The AI Act and Code of Practice talk a lot about “digitally signed metadata”. The idea here is that you can include an AI disclosure in the file’s metadata itself, ideally in a way that cannot be tampered with (for instance, by signing a hash of the file’s contents). This signed-metadata process is basically C2PA Content Credentials. While you can remove C2PA metadata, you (theoretically) can’t fake it, so a file with “created by a human” metadata can be trusted, and files with no metadata at all can be held in suspicion.
This post is already too long to get into what I think about C2PA, but I do want to say that C2PA is not a substitute for text watermarking. It only really applies to files. In the words of the Code of Practice, that’s “a data format that supports attaching metadata (e.g., an audio, image, video, or containerised text)“. The output of chat tools (and most of the output of AI agents) is not containerized text, but plain old regular text, and so can’t be signed. What would it even look like to sign ChatGPT outputs? There’s no artifact to pass around.
I think it’s a fascinating question whether Claude Code has to C2PA-sign any HTML files or PDFs it generates for you.
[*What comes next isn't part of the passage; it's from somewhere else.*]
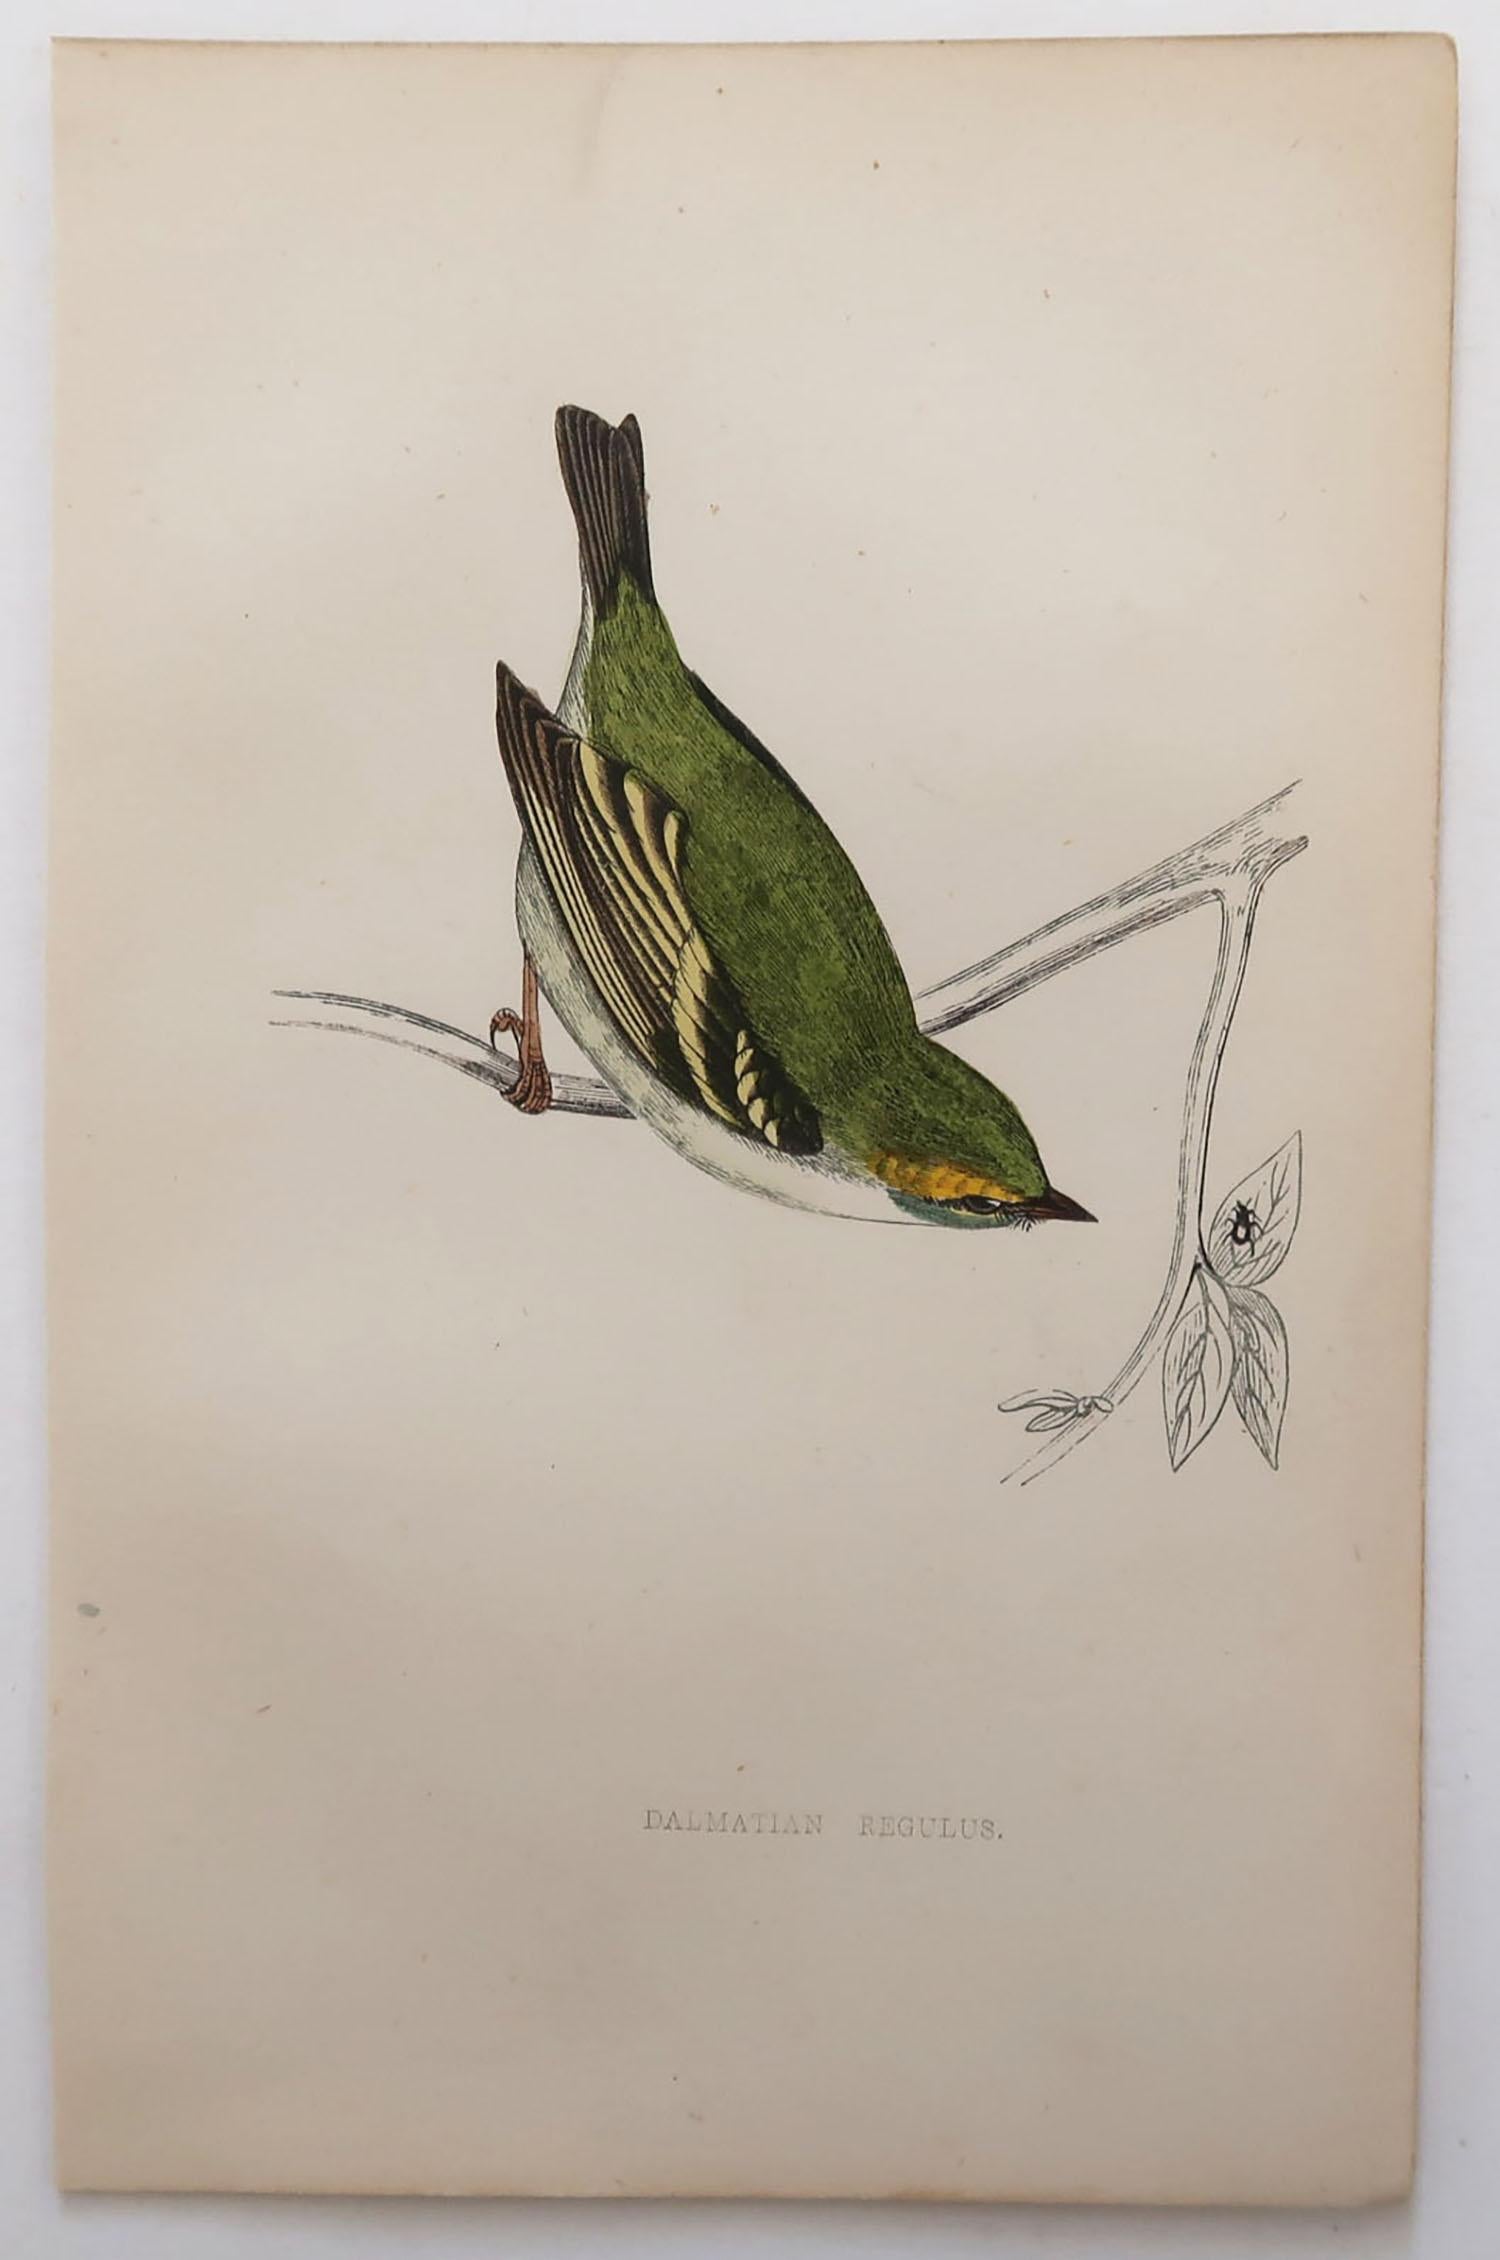 Folk Art Original Antique Bird Print, the Dalmation Regulus, circa 1870

That seems kind of tricky to get right. But in any case, the AI Act also mandates some kind of actual watermarking as well.
Conclusion
So what’s going to happen this year? If I had to guess, I’d say that each AI provider (not just labs like OpenAI or Anthropic, but third-party providers like Fireworks or Groq) will stick a SynthID token sampler in front of their inference stacks. This might be limited to users in the EU, but it might not be, since SynthID is at least as good as a normal top-k token sampling approach.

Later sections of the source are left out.